During the Moussaoui trial, for example, at several critical junctures, U.S. District Judge Leonie Brinkema exhibited considerable solicitude for Moussaoui's rights -- such as his Sixth Amendment right to confront witnesses against him. In particular, at one juncture, Judge Brinkema directed the government to give Moussaoui access to three al Qaeda prisoners detained overseas, among them two major players, Ramzi Binalshibh and Khalid Shaikh Mohammed. Moussaoui claimed Binalshibh and Mohammed's testimony could exculpate him. However, the government did not ultimately provide these witnesses - citing national security concerns. Moreover, the Fourth Circuit reversed Judge Brinkema on this issue.

The right to confront witnesses is just one of the rights to which defendants are constitutionally entitled. Defendants also have a right to an attorney, the right to a jury drawn from the community, and a right to an open courtroom except in extraordinary circumstances. As the Supreme Court recognized recently in Hamdan v. Rumsfeld, the military tribunals envisioned by the Bush Administration, which it created through an Executive Order, would not have accorded defendants such rights.

The Second Lesson: Moussaoui's Trial May Well Be a Worst-Case Scenario

Obviously, the Moussaoui trial itself was not ideal. But it's important to remember that Moussaoui's criminal trial might well present the worst-case scenario - for several reasons.

Moussaoui insisted on representing himself - though Judge Brinkema wisely allowed stand-by counsel to remain in the courtroom as a backstop -- and his conduct was erratic. His lawyers argued, very plausibly, that he was mentally ill. His own testimony damned him - indeed, it seemed toward the end of trial, to have enabled the government to grasp victory from the jaws of defeat. And finally, after the jury rendered its decision, Moussaoui attempted to withdraw his year-old guilty plea, a request the judge promptly rejected.

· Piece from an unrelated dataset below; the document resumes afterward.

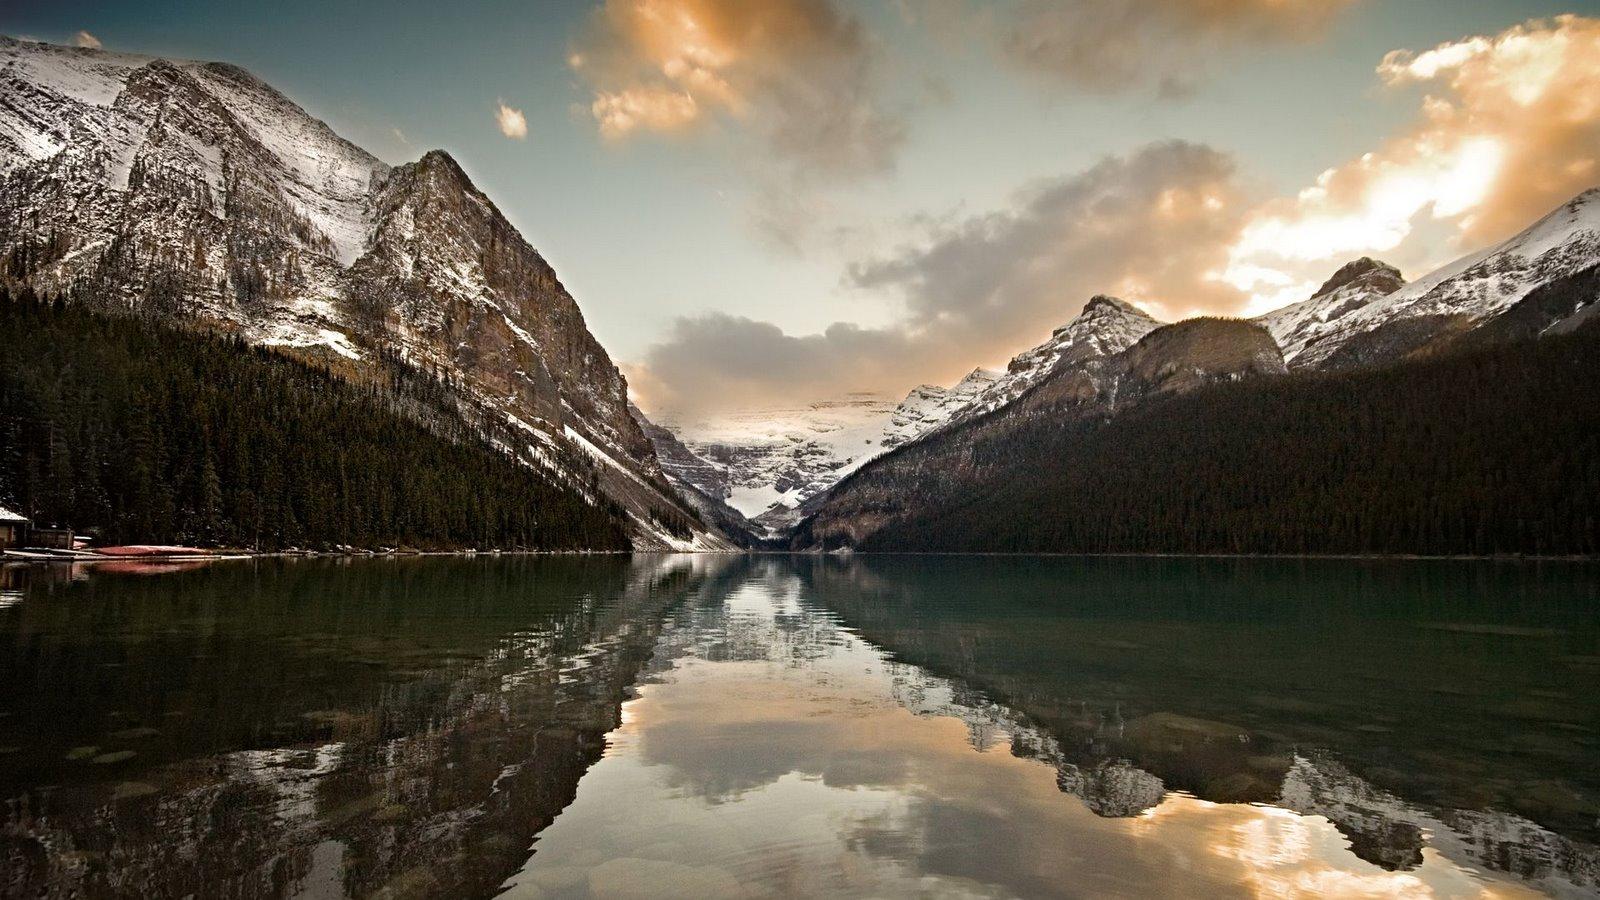 Nature 1080p Wallpapers | HD WALLPAPER

But Moussaoui's was far from a typical case - and this bizarre proceeding is no reason to deny other terrorism suspects public trials in civilian courts.

Significantly, several other prosecutions of suspected terrorists have proceeded much more smoothly. Illustrative have been the trials of three men -- Ali al-Timimi, Ahmed Omar Abu Ali and Ali Asad Chandia -- who allegedly were members of the so-called "Virginia jihad network." Federal prosecutors rather easily secured convictions of the three defendants in the U.S. District Court for the Eastern District of Virginia, the court on which Judge Brinkema sits.

And imagine how poorly - and summarily -- a proceeding like Moussaoui's might have gone before a military tribunal, especially one like that contemplated in the Executive Order, which the Supreme Court rejected. Such a tribunal might have been inclined to accept Moussaoui's admissions of guilt without querying if they had arisen from mental illness, and might have been sorely tempted to recommend execution even of a very likely mentally-ill man.

Even if the Moussaoui trial wasn't, in the end, a model of justice, Judge Brinkema was, in many respects, a model judge. Would a military tribunal be as fair, impartial, and concerned with honoring constitutional rights as Judge Brinkema showed herself to be? Not likely.

The Third Lesson: We Must Not Let the Exception Destroy the Rule

Ideally, the U.S. ought to make case-by-case decisions about the appropriate tribunal in which to prosecute suspected terrorists - and in most case, ought to opt for open trials in federal civilian court.

Granted, a few trials may be so sensitive, from a national security perspective, that using a tribunal might be justified. But such trials will be rare: There are numerous available mechanisms, short of using a secret tribunal and ignoring constitutional rights, that will protect security. Only in situations that would clearly jeopardize national security by revealing highly delicate material in open court, should the U.S. consider optional fora, such as military tribunals.

In the end, open civilian trials in federal court best respect the rule of law, fundamental American values, and constitutional rights. If we opt not to use them, that decision should be rare.


Carl Tobias is the Williams Professor at the University of Richmond School of Law.